The Canadian Football League entered into a much more generous contract with the America One television network that had run from 2001 through 2009. That contract allowed for the majority of CFL games to be televised in the United States, with America One syndicating the Canadian coverage (from TSN or, prior to 2008, CBC) primarily to regional sports networks. A number of factors led to America One not renewing their contract after the 2009 season. On July 1, 2010, NFL Network began airing live Canadian Football League games, again simulcasting TSN. This much more limited package did not include any games in August (during the NFL preseason), any playoff games, the Labour Day Classic (one of the Labour Day games was carried in 2011 but not the other), Thanksgiving Day Classic, or the Grey Cup. NFL Network aired Thursday games, three Saturday games in July, and then Friday night games beginning again in September (after ArenaBowl XXIII; NFL Network also held rights to the Arena Football League and aired a weekly game on Friday nights). NFL Network announced it would not renew its deal with the CFL on May 25, 2012.

===NBCSN's coverage (2012-2013)===
The package was picked up by NBCSN starting on Monday August 27, 2012 with 14 games total broadcast on NBC Sports Network including 9 regular season games (including both Labour Day Classic games) and all of the playoffs and Grey Cup. NBC renewed its deal with the CFL shortly before the 2013 regular season, but the deal scaled back the network's playoff coverage (the network will not air the first round games and will only air the conference finals on tape delay). The 2013 U.S. TV schedule featured 11 regular season games live (including the lone Labour Day Classic contest), three tape-delayed contests in October (including the displaced Toronto-Hamilton Thanksgiving Day Classic, which will air at midnight the Wednesday after), and the Grey Cup live.

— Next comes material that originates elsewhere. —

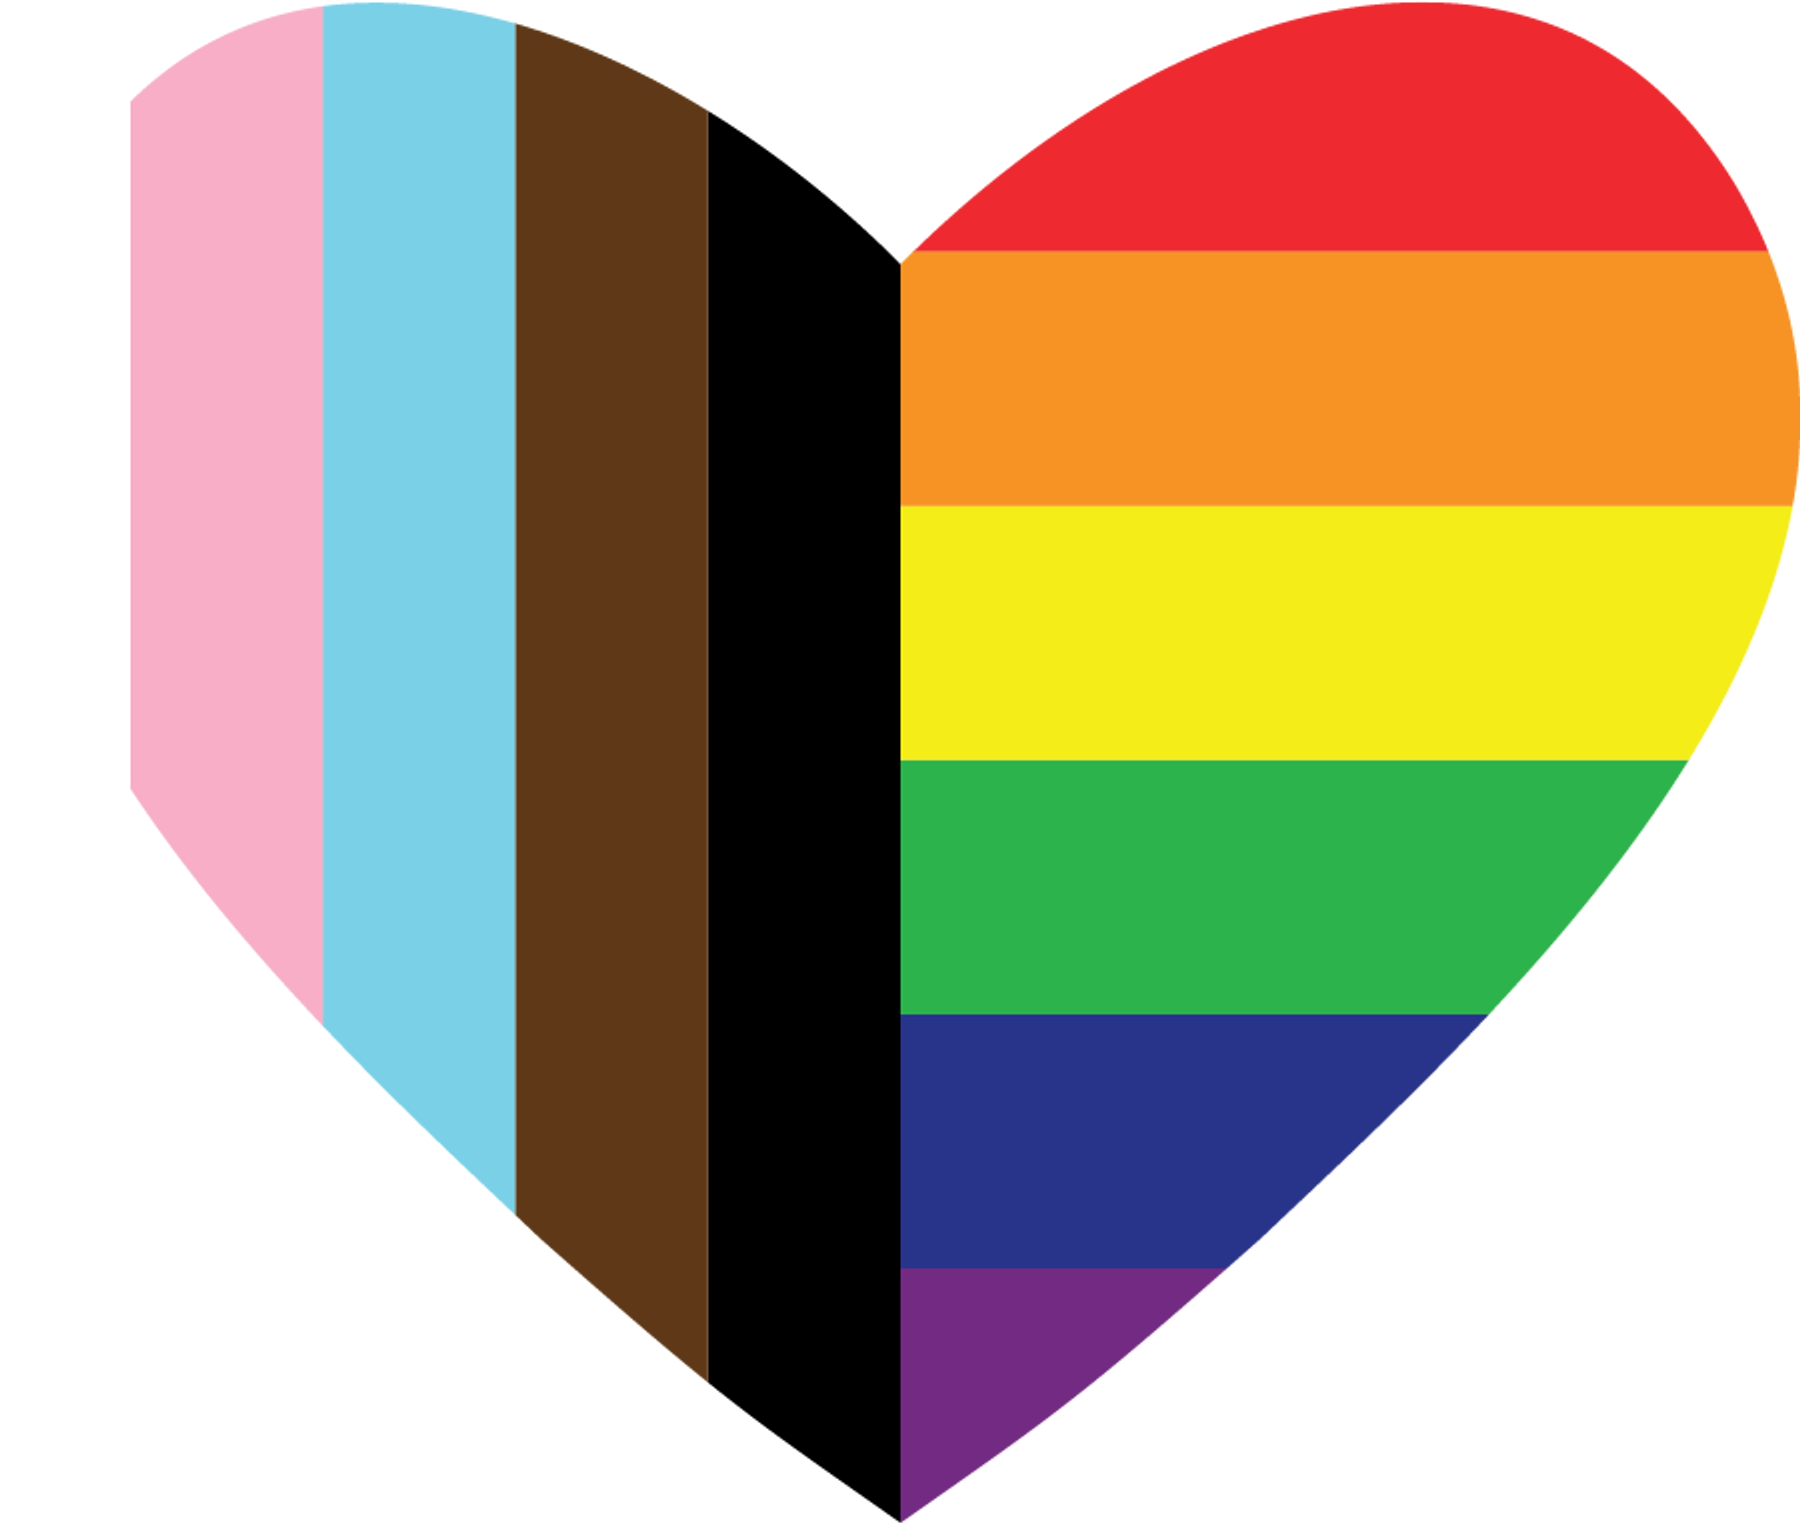 A heart icon with pride and trans pride colours, representing LGBTQ2S+ inclusion.

In an oddity, NBCSN only owned the traditional television rights to the league, while another network owned the Internet rights; ESPN3 has carried CFL games on the Internet since 2008. (ESPN Inc., ESPN3's parent company, holds a minority stake in TSN.) The CFL granted exclusive broadcast and Internet rights to ESPN in a multinational, five-year deal prior to the 2014 season, ending NBCSN's involvement with the league until at least 2019.